### WORK INSTRUCTION
Output, exactly and with no pictures, the line that contains "Philadelphia Phillies slugger" and every line that comes after it in the data below, the last one included.

### DATA BELOW
● ● ●
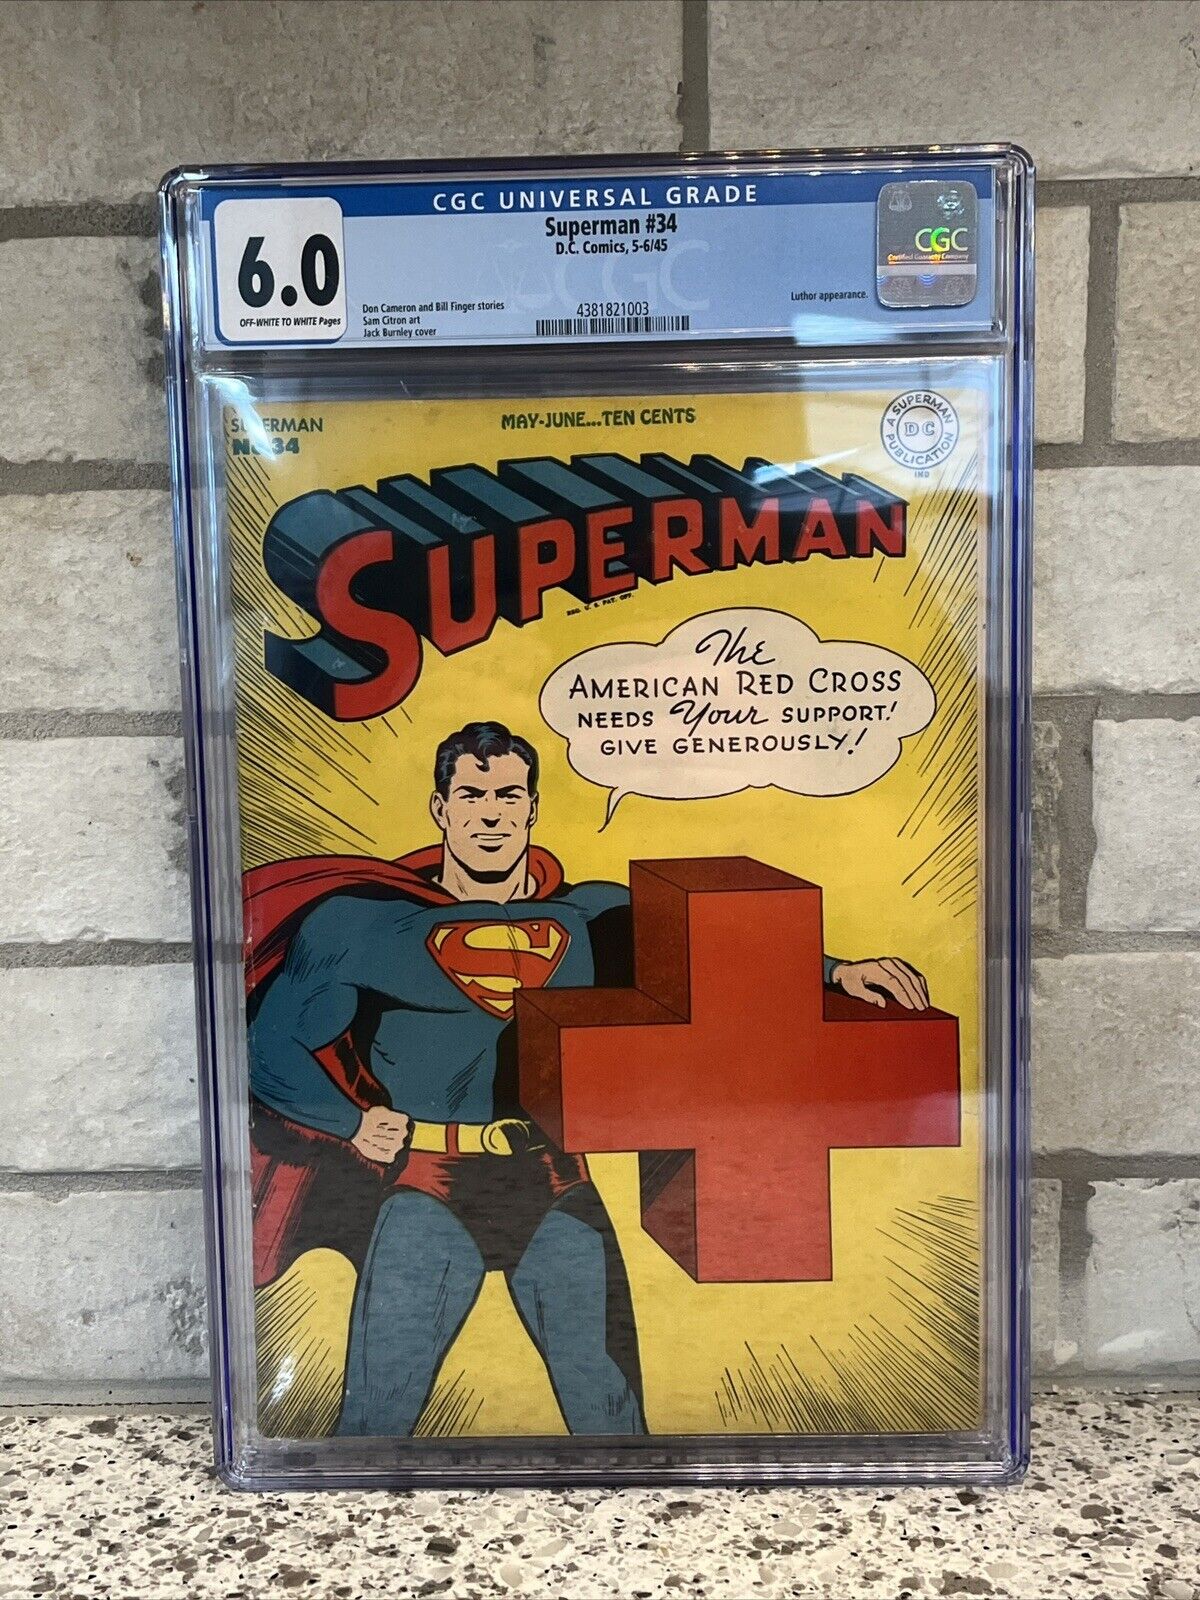 Superman #34 (DC, 1945) CGC 6.0, Red Cross WWII Cover, Lex Luthor Appearance
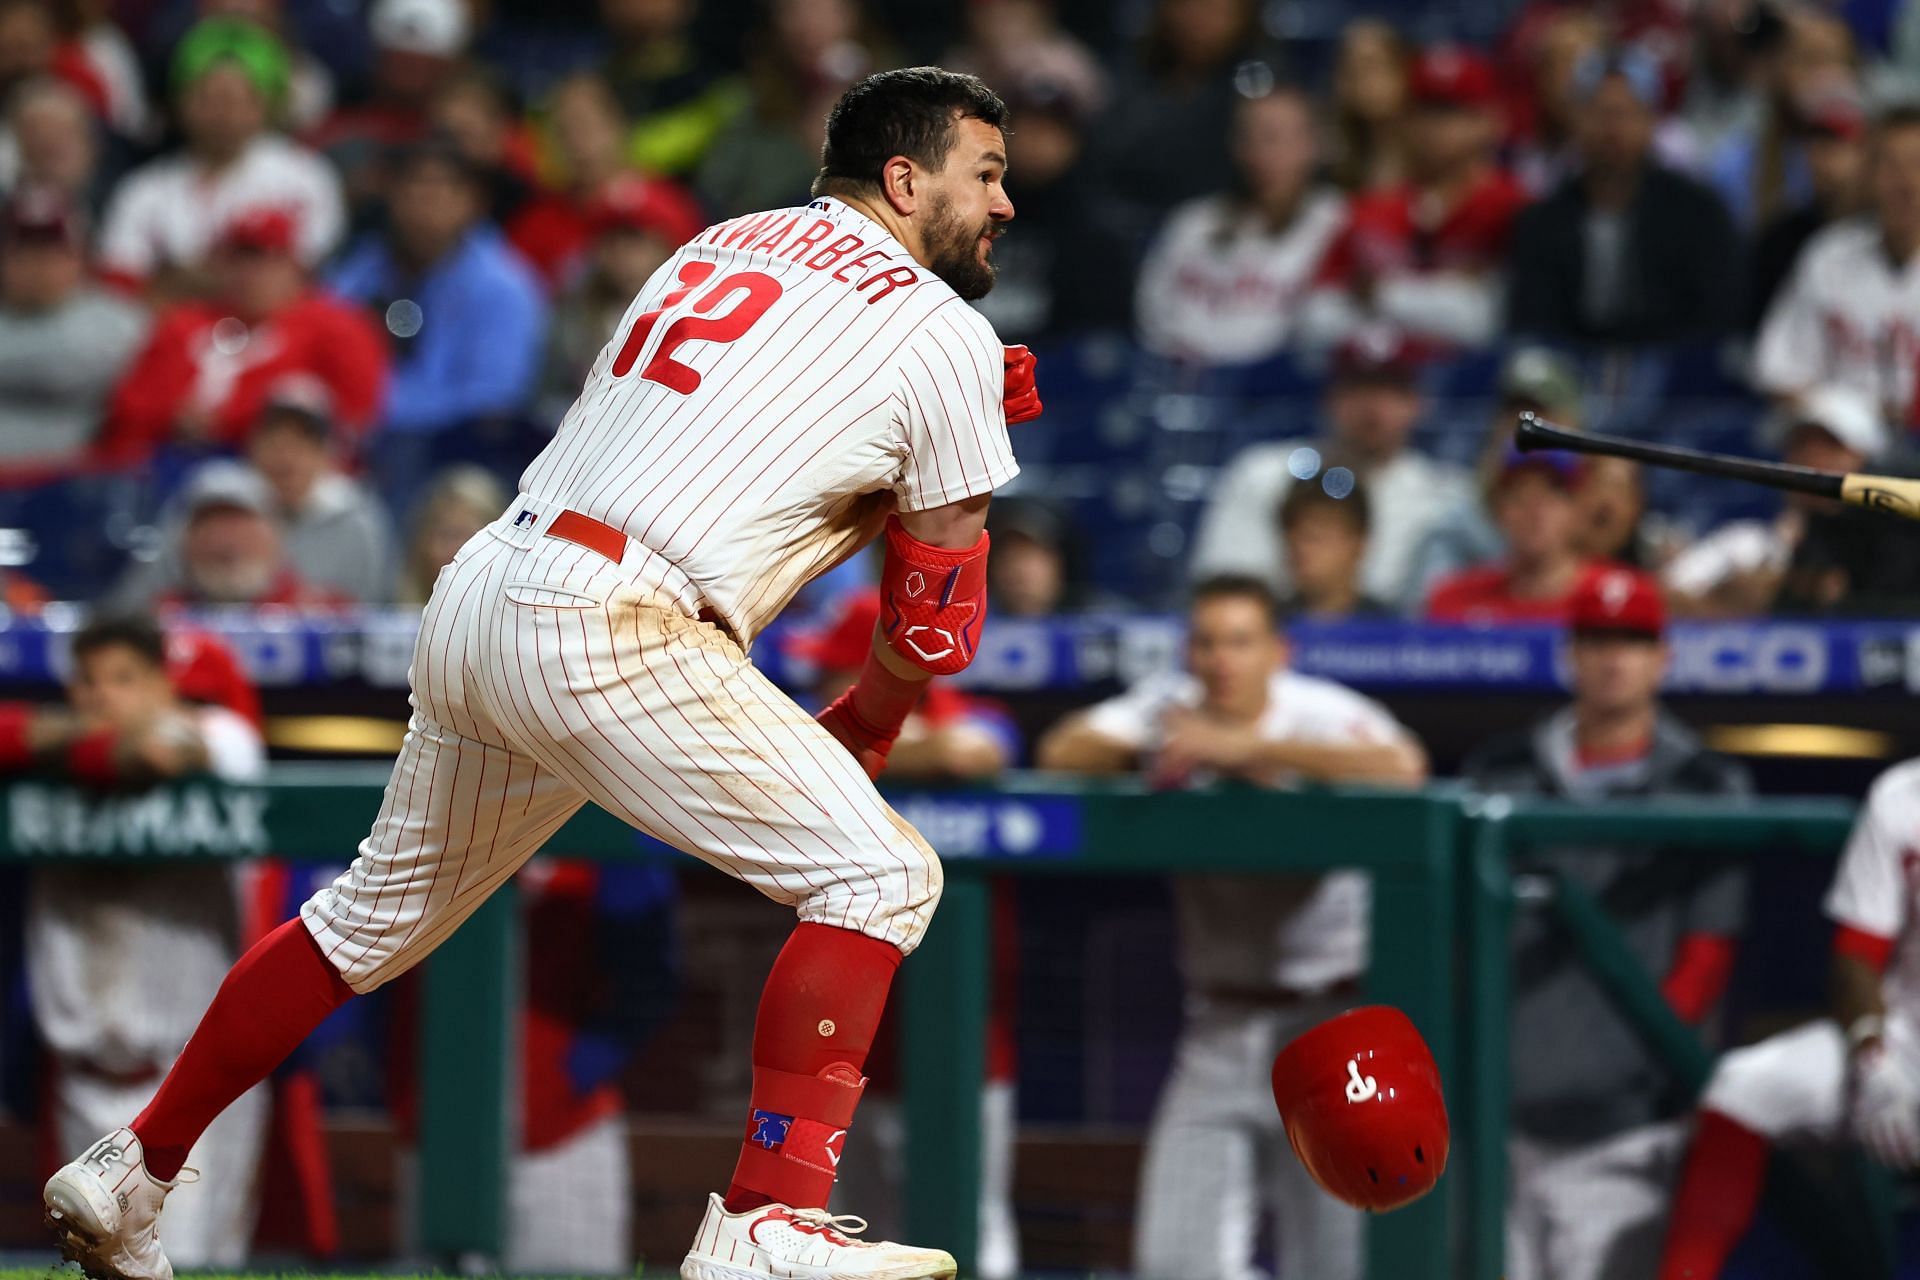 Philadelphia Phillies slugger Kyle Schwarber made his disapproval known after getting called out on a close pitch.
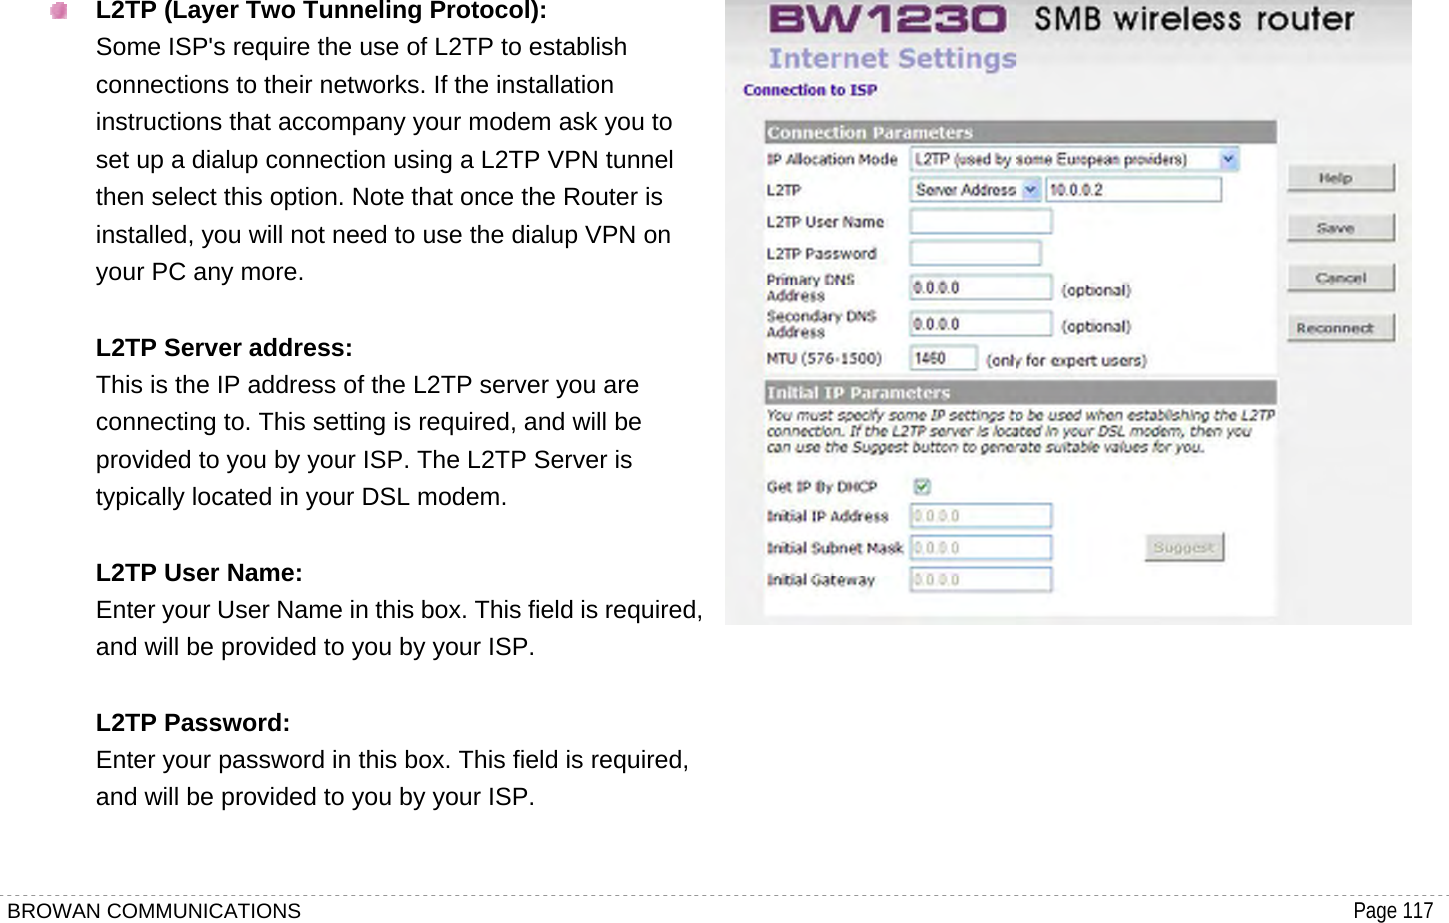 BROWAN COMMUNICATIONS                                                                                           Page 117   L2TP (Layer Two Tunneling Protocol): Some ISP&apos;s require the use of L2TP to establish connections to their networks. If the installation instructions that accompany your modem ask you to set up a dialup connection using a L2TP VPN tunnel then select this option. Note that once the Router is installed, you will not need to use the dialup VPN on your PC any more.  L2TP Server address: This is the IP address of the L2TP server you are connecting to. This setting is required, and will be provided to you by your ISP. The L2TP Server is typically located in your DSL modem.  L2TP User Name: Enter your User Name in this box. This field is required, and will be provided to you by your ISP.  L2TP Password: Enter your password in this box. This field is required, and will be provided to you by your ISP.
● ● ●
### TASK OUTPUT
 Philadelphia Phillies slugger Kyle Schwarber made his disapproval known after getting called out on a close pitch.
 BROWAN COMMUNICATIONS                                                                                           Page 117   L2TP (Layer Two Tunneling Protocol): Some ISP&apos;s require the use of L2TP to establish connections to their networks. If the installation instructions that accompany your modem ask you to set up a dialup connection using a L2TP VPN tunnel then select this option. Note that once the Router is installed, you will not need to use the dialup VPN on your PC any more.  L2TP Server address: This is the IP address of the L2TP server you are connecting to. This setting is required, and will be provided to you by your ISP. The L2TP Server is typically located in your DSL modem.  L2TP User Name: Enter your User Name in this box. This field is required, and will be provided to you by your ISP.  L2TP Password: Enter your password in this box. This field is required, and will be provided to you by your ISP.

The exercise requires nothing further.